***** Available data
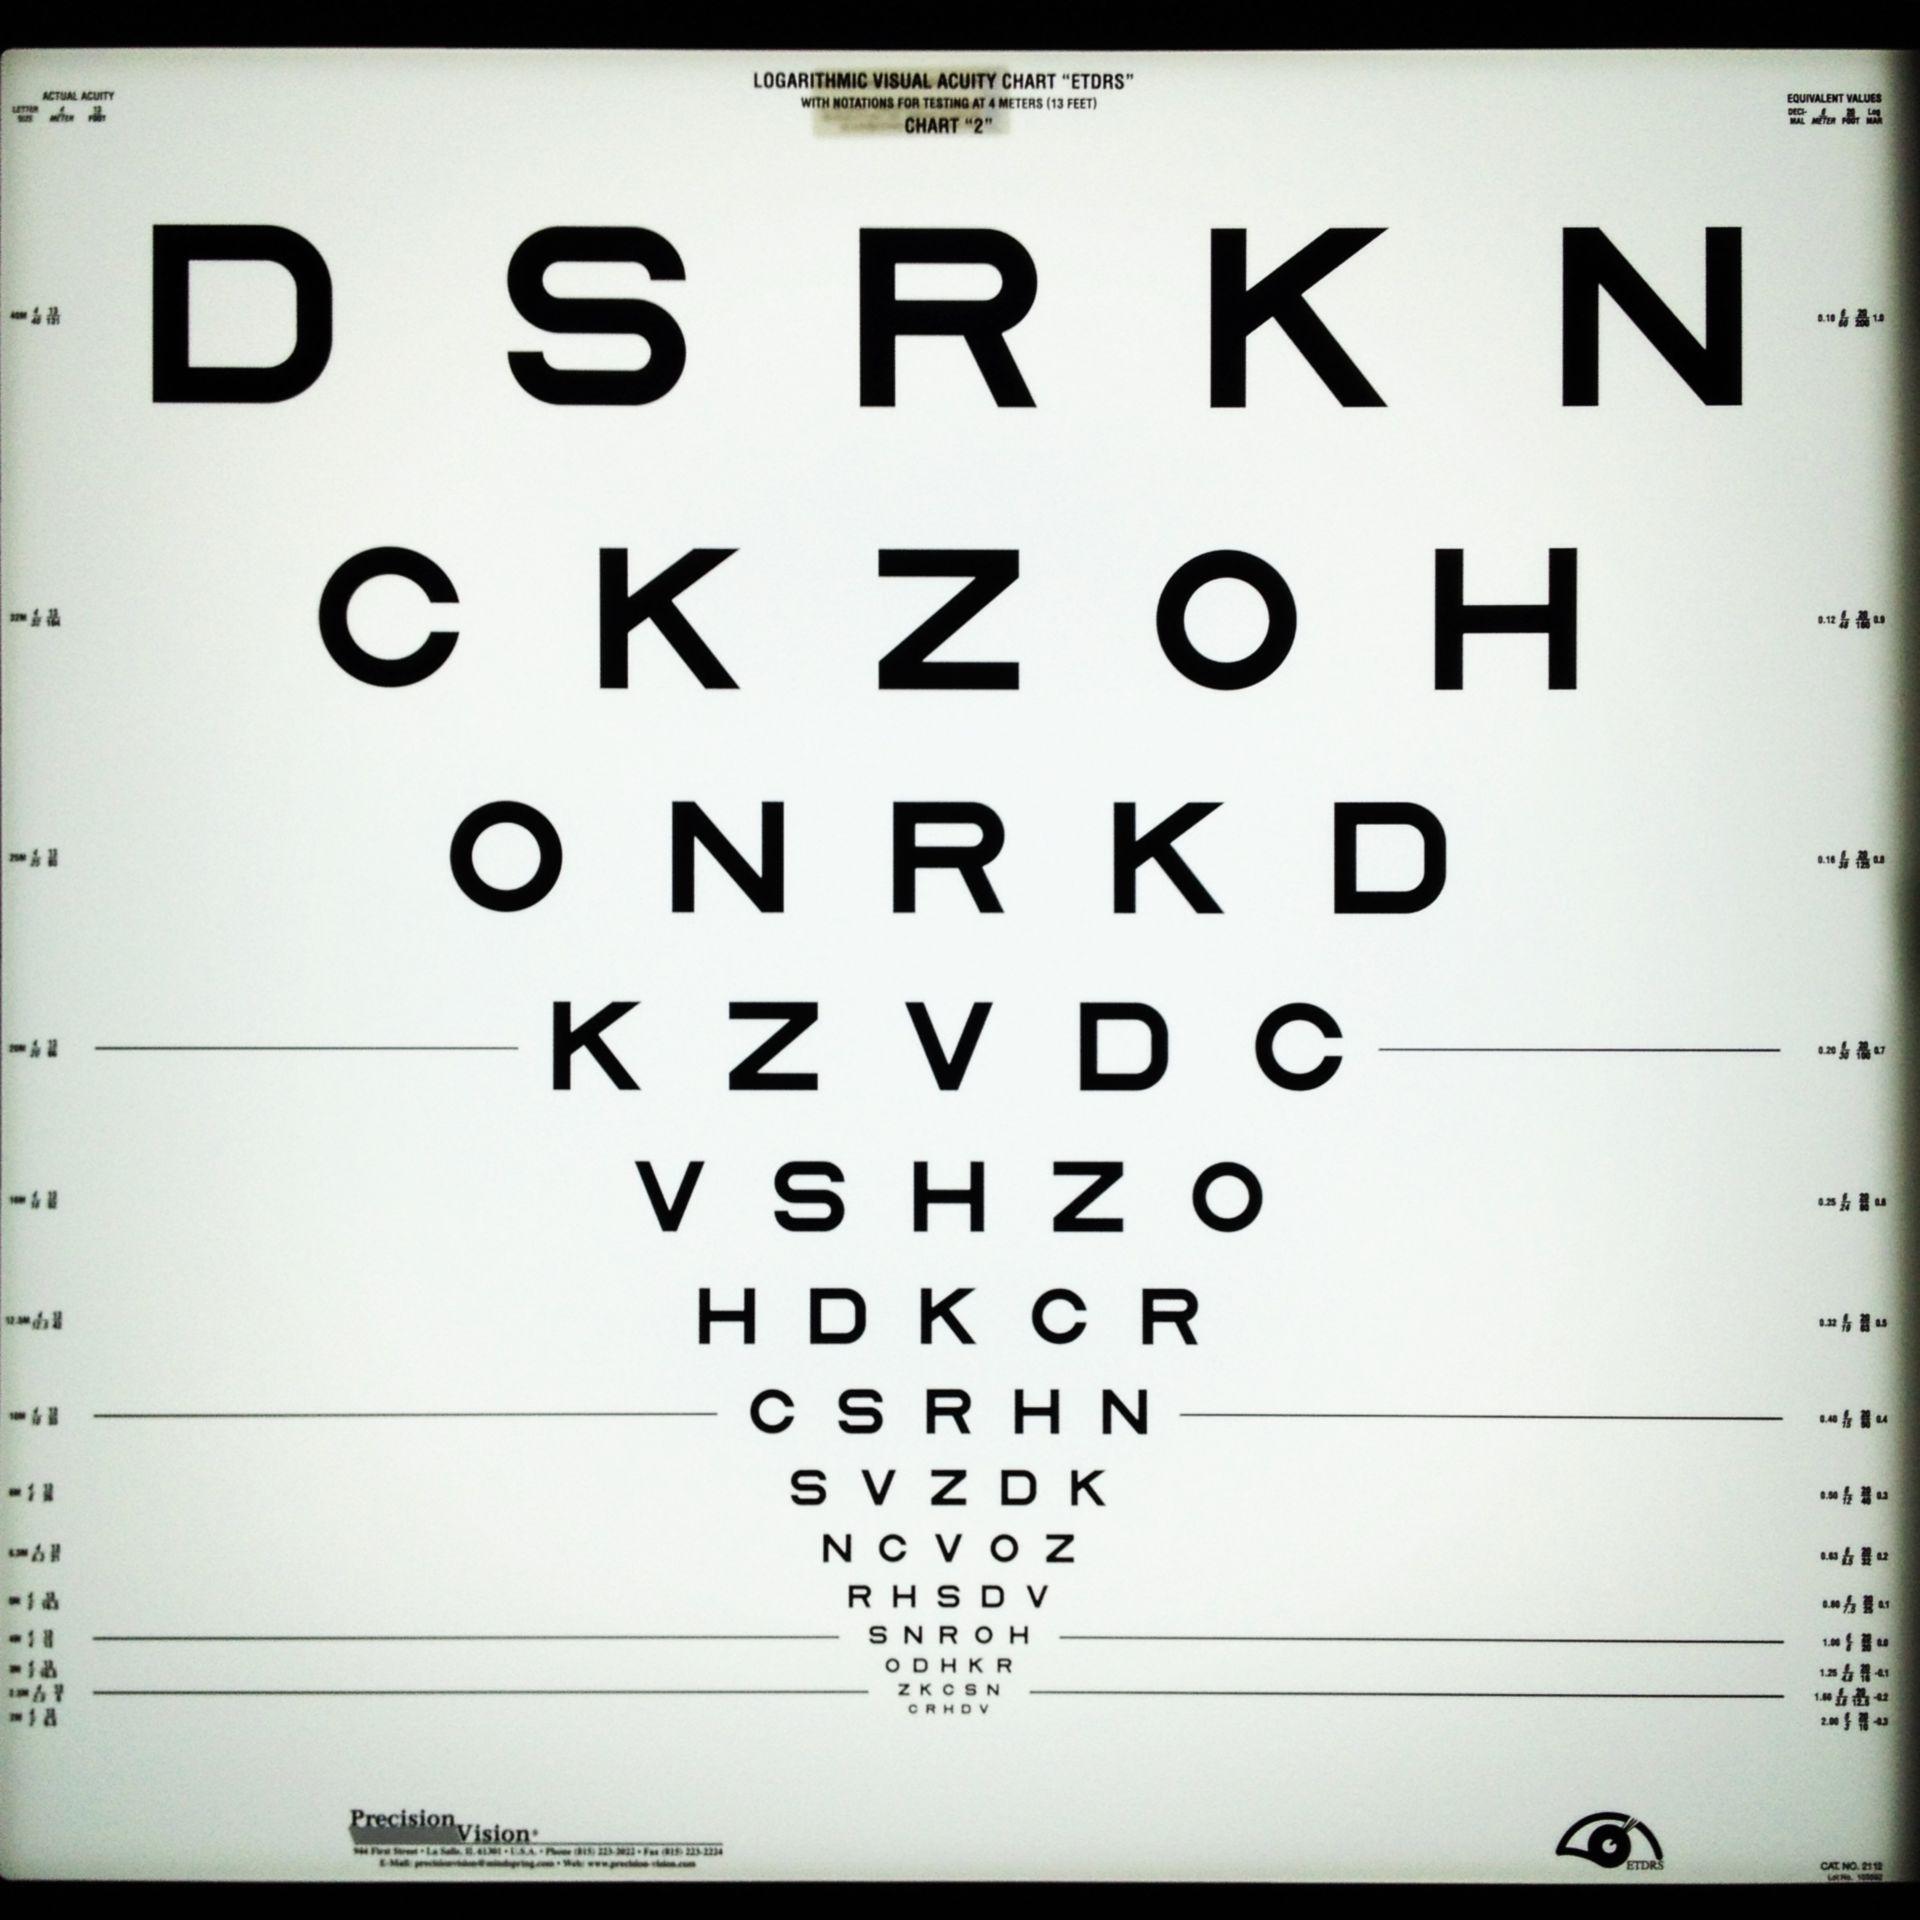 Tabla optométrica D
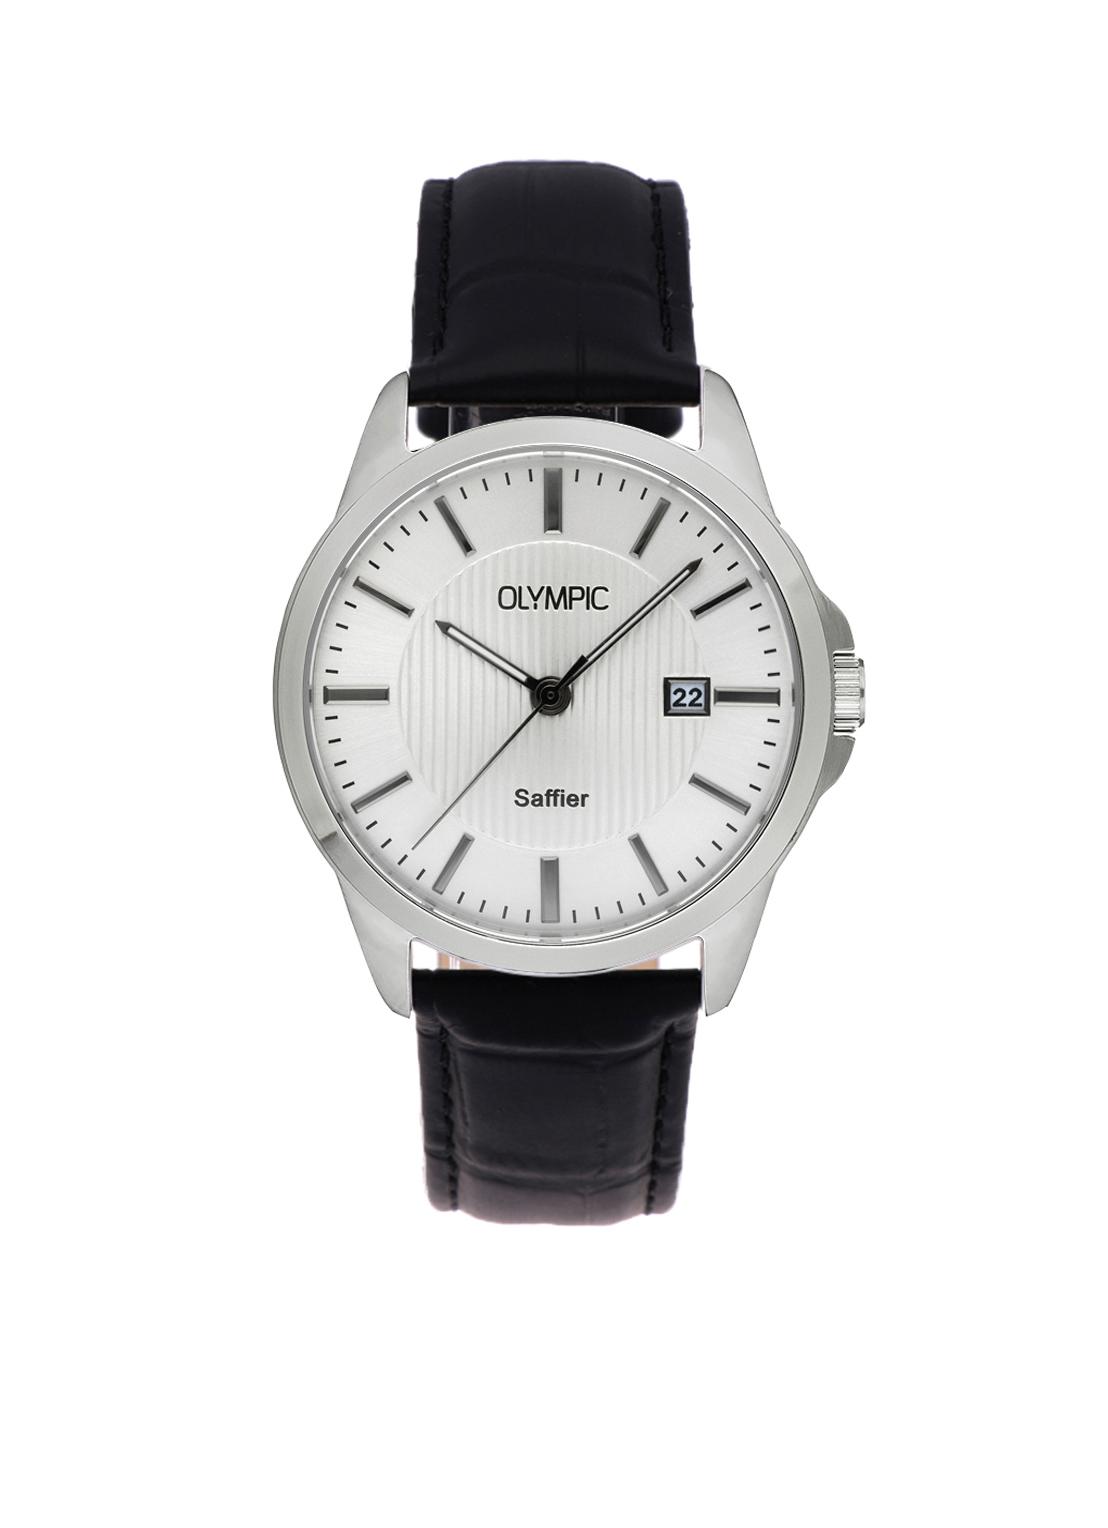 Olympic OL26HSL069 Bari Horloge Leer -Zwart- 39mm Heren
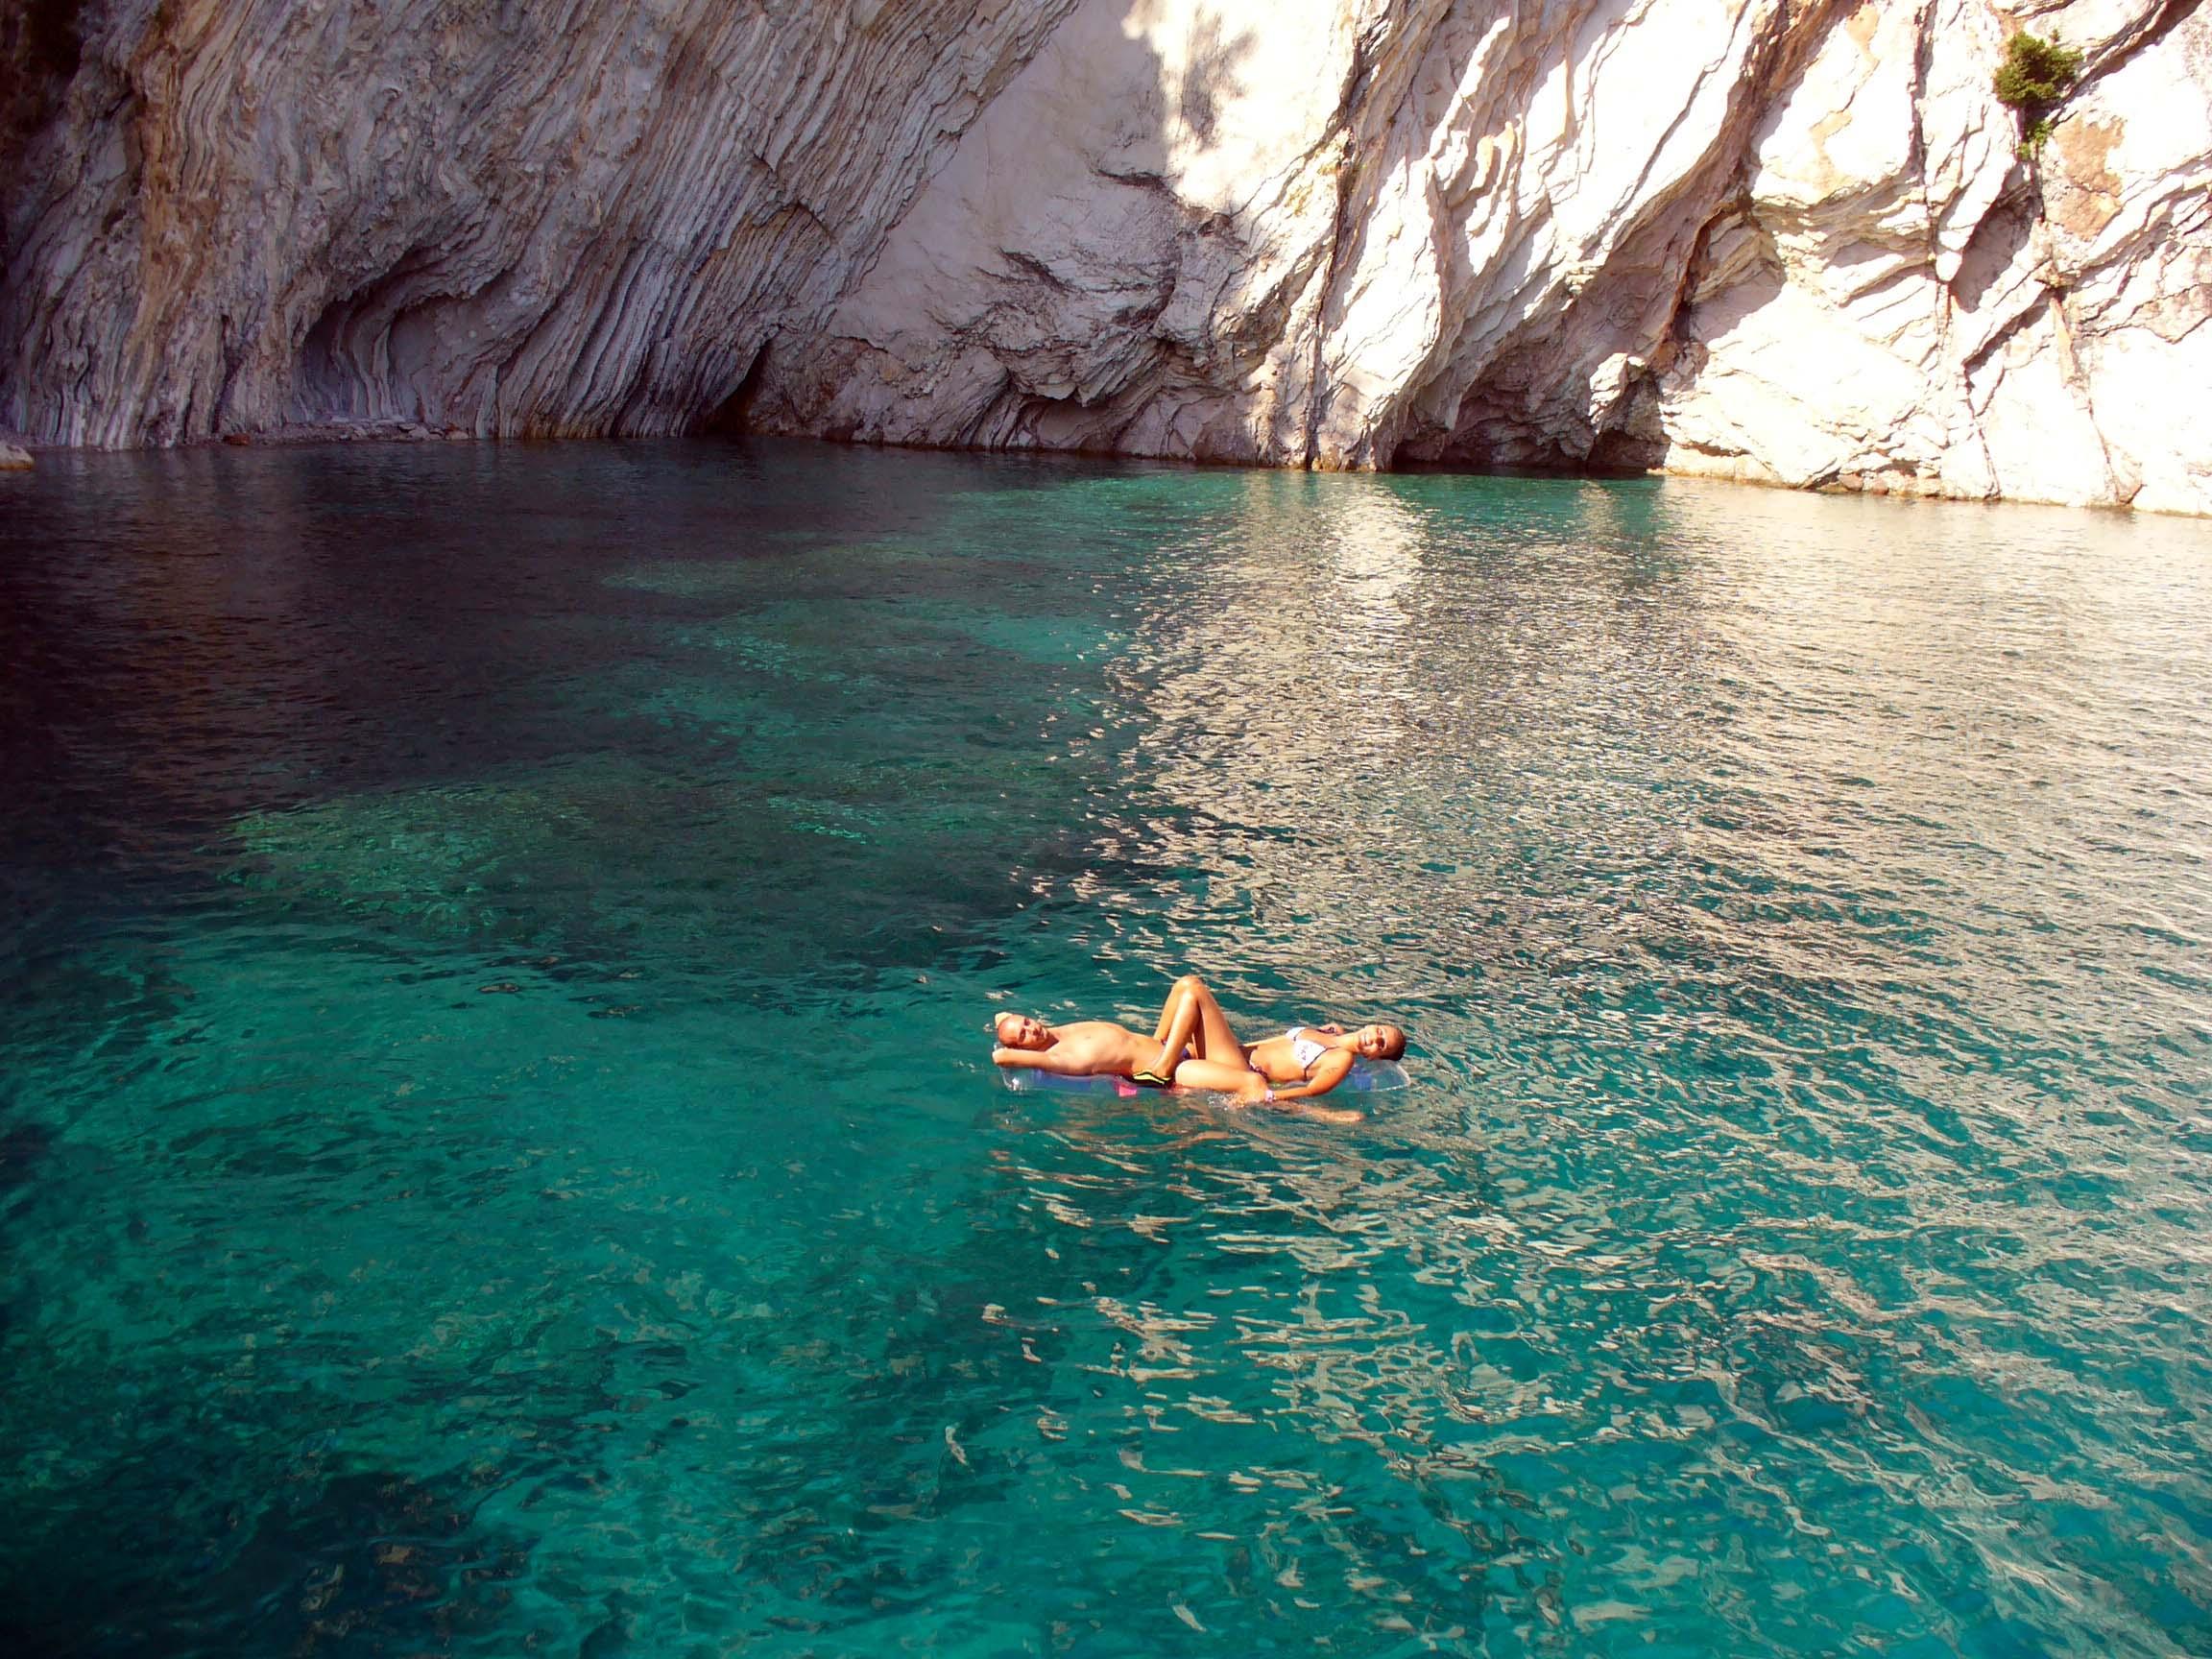 Vacanze a vela, Grecia ionica
**********
[Work request]: Copy the listing above verbatim, leaving out pictures.

[Reply]:
 Tabla optométrica D
 Olympic OL26HSL069 Bari Horloge Leer -Zwart- 39mm Heren
 Vacanze a vela, Grecia ionica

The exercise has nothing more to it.